§ YOUR GOAL: Reproduce, word for word, the lines in the material below starting with the one that has "Leveraging Patent Catalogues" and going on through the one that has "Can gallbladder pain be on lower right side?". Leave out all pictures.

───── STORED DATA ─────

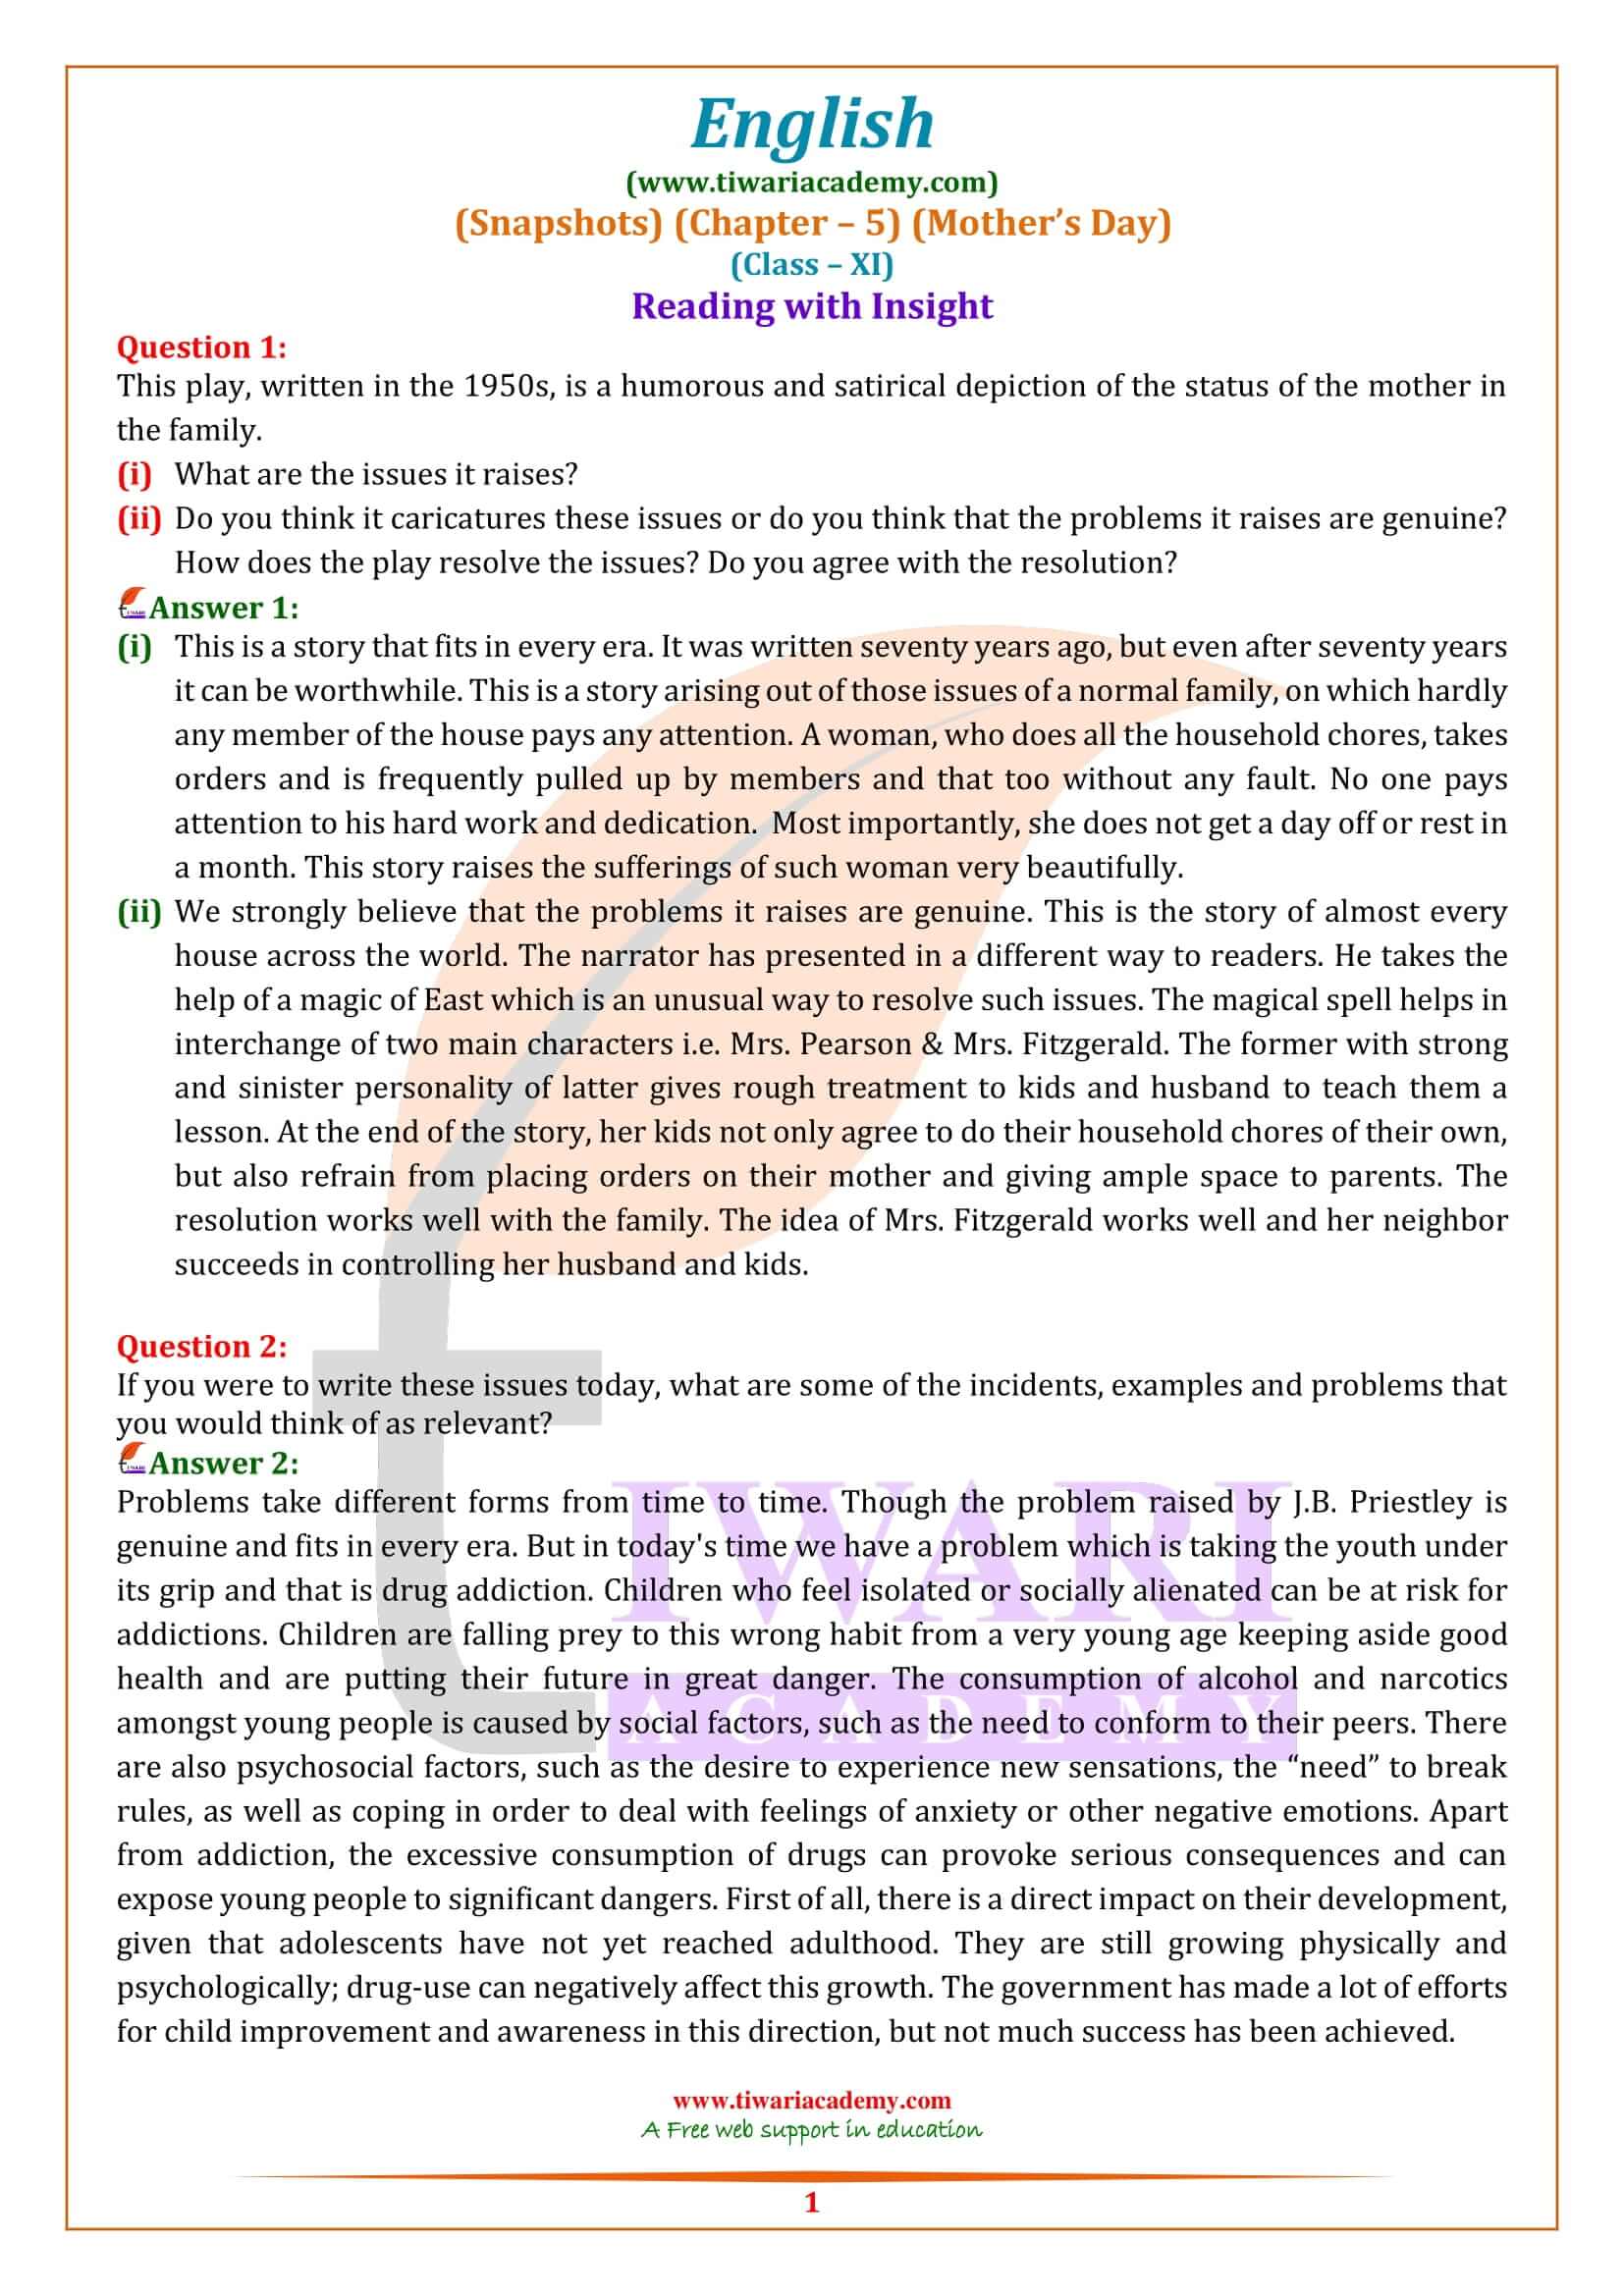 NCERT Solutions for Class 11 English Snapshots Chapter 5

─────
───── STORED DATA ─────

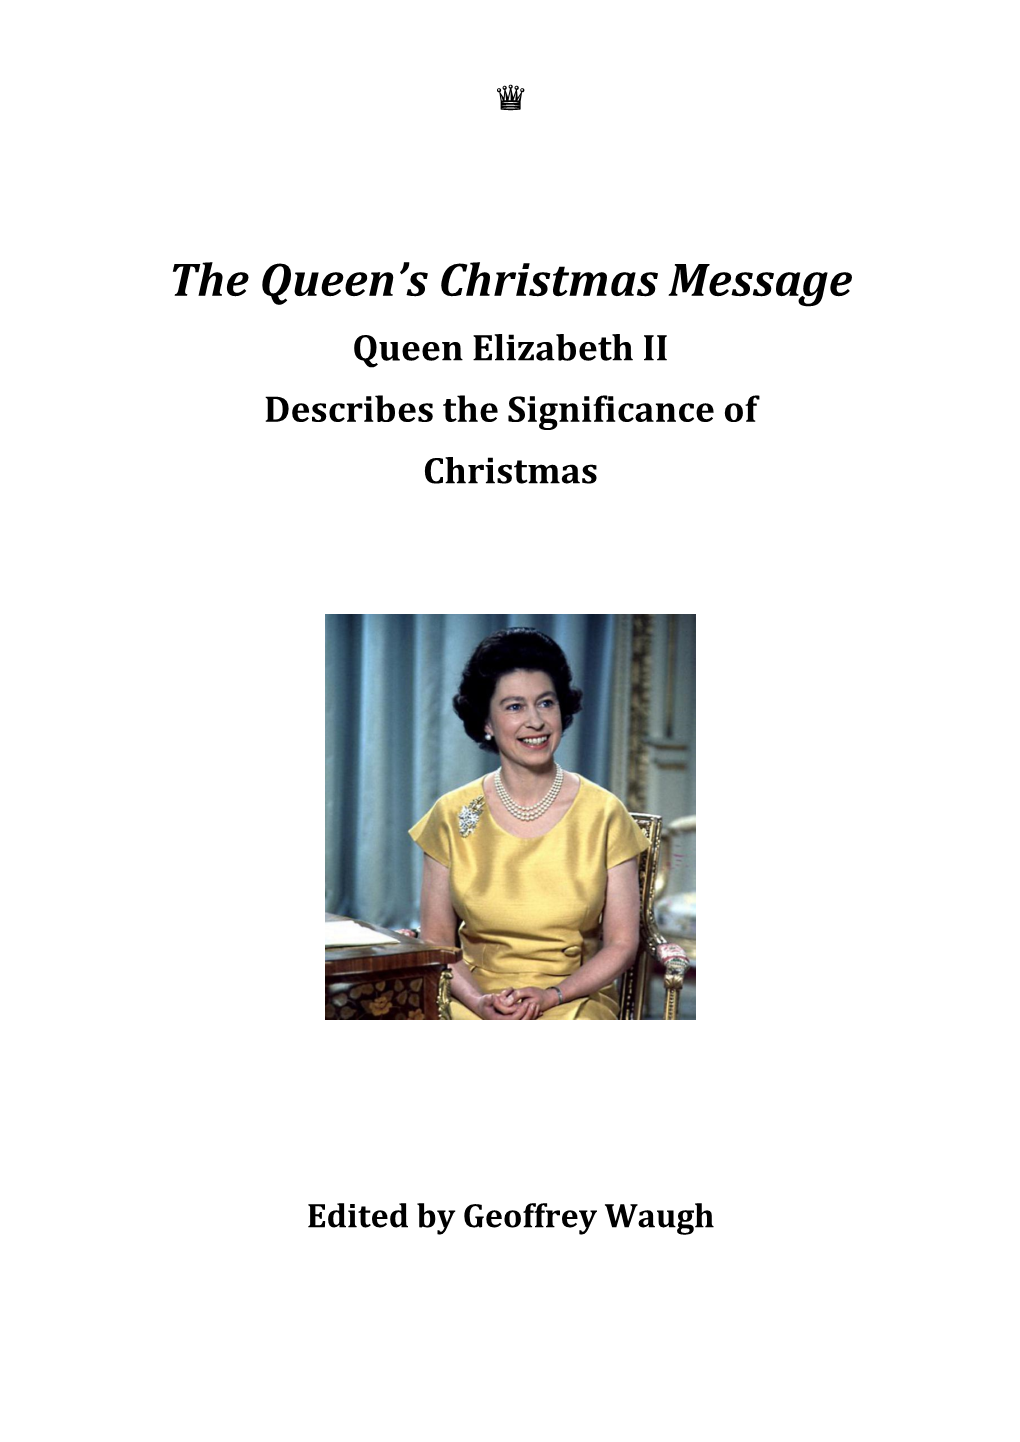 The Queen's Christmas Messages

─────
───── STORED DATA ─────

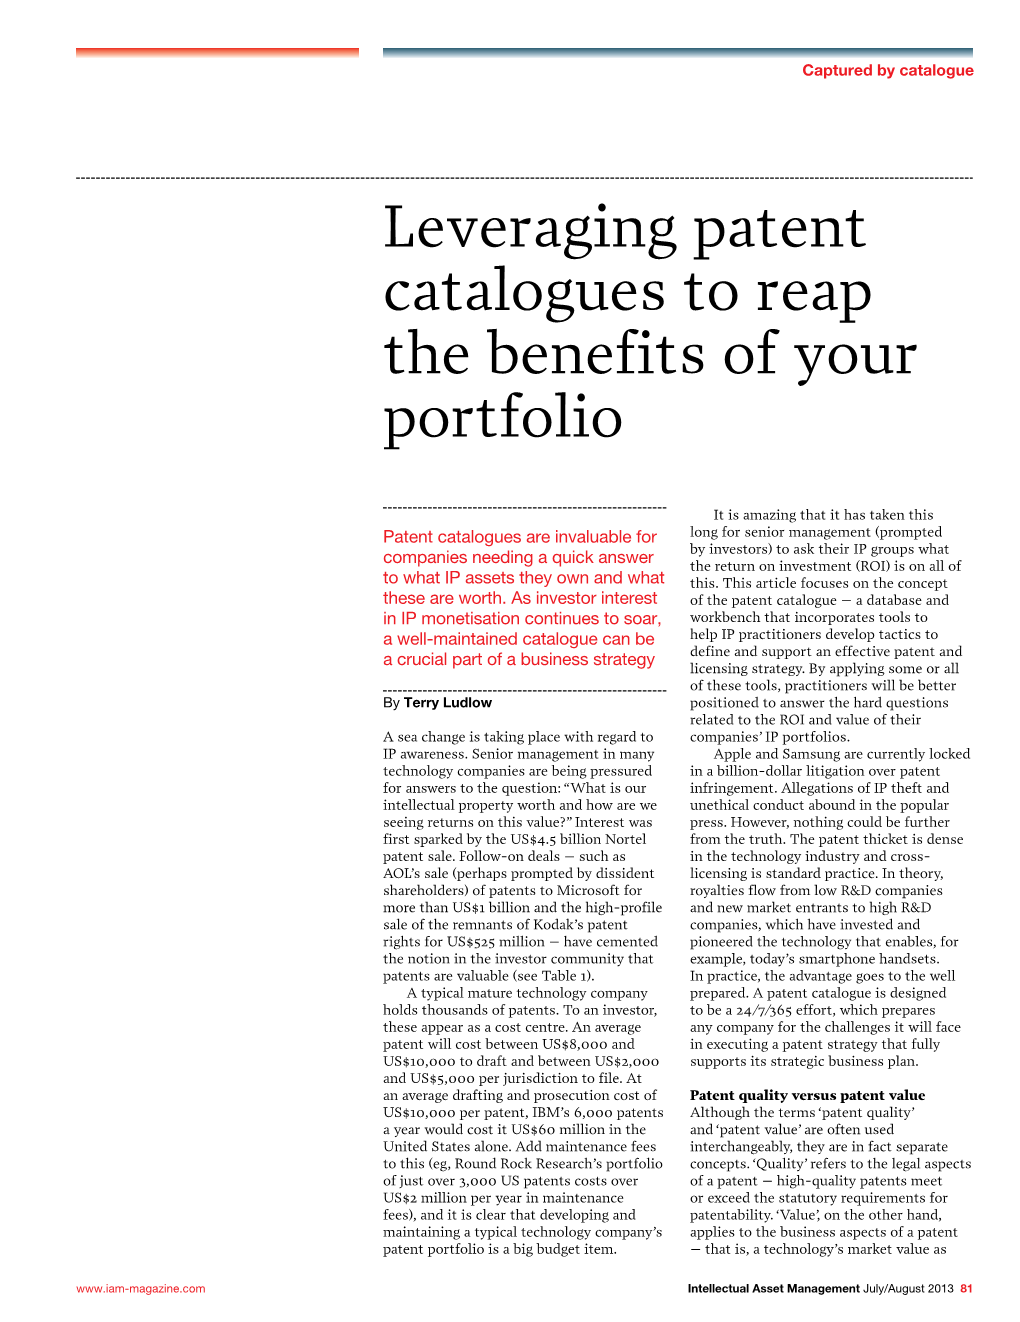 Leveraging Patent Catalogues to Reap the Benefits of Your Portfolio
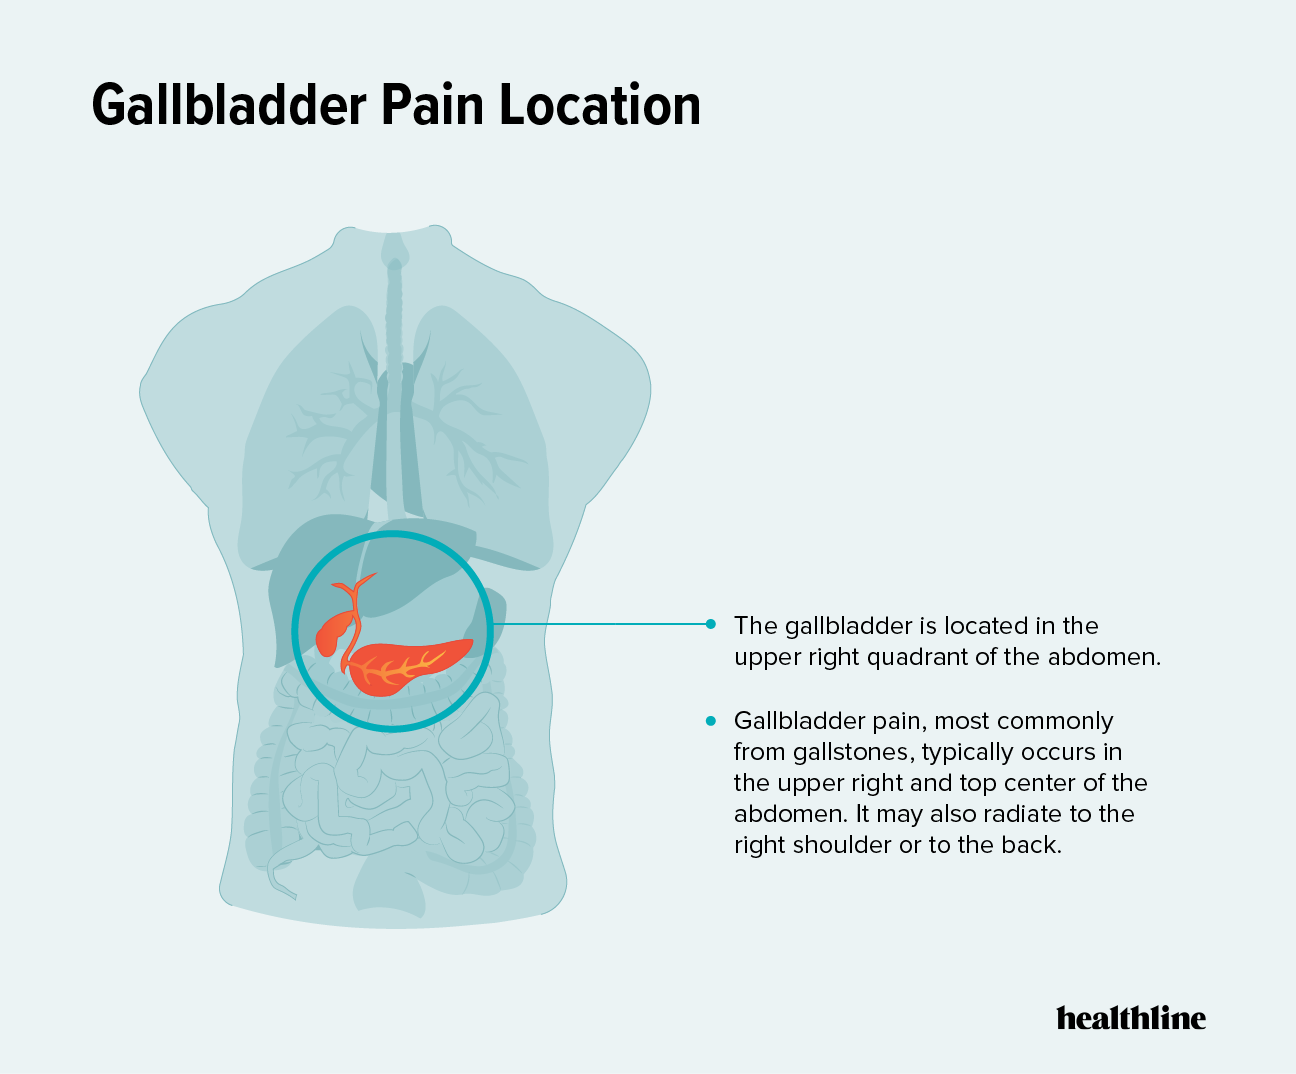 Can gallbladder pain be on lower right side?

─────

§ RESPONSE:
 Leveraging Patent Catalogues to Reap the Benefits of Your Portfolio
 Can gallbladder pain be on lower right side?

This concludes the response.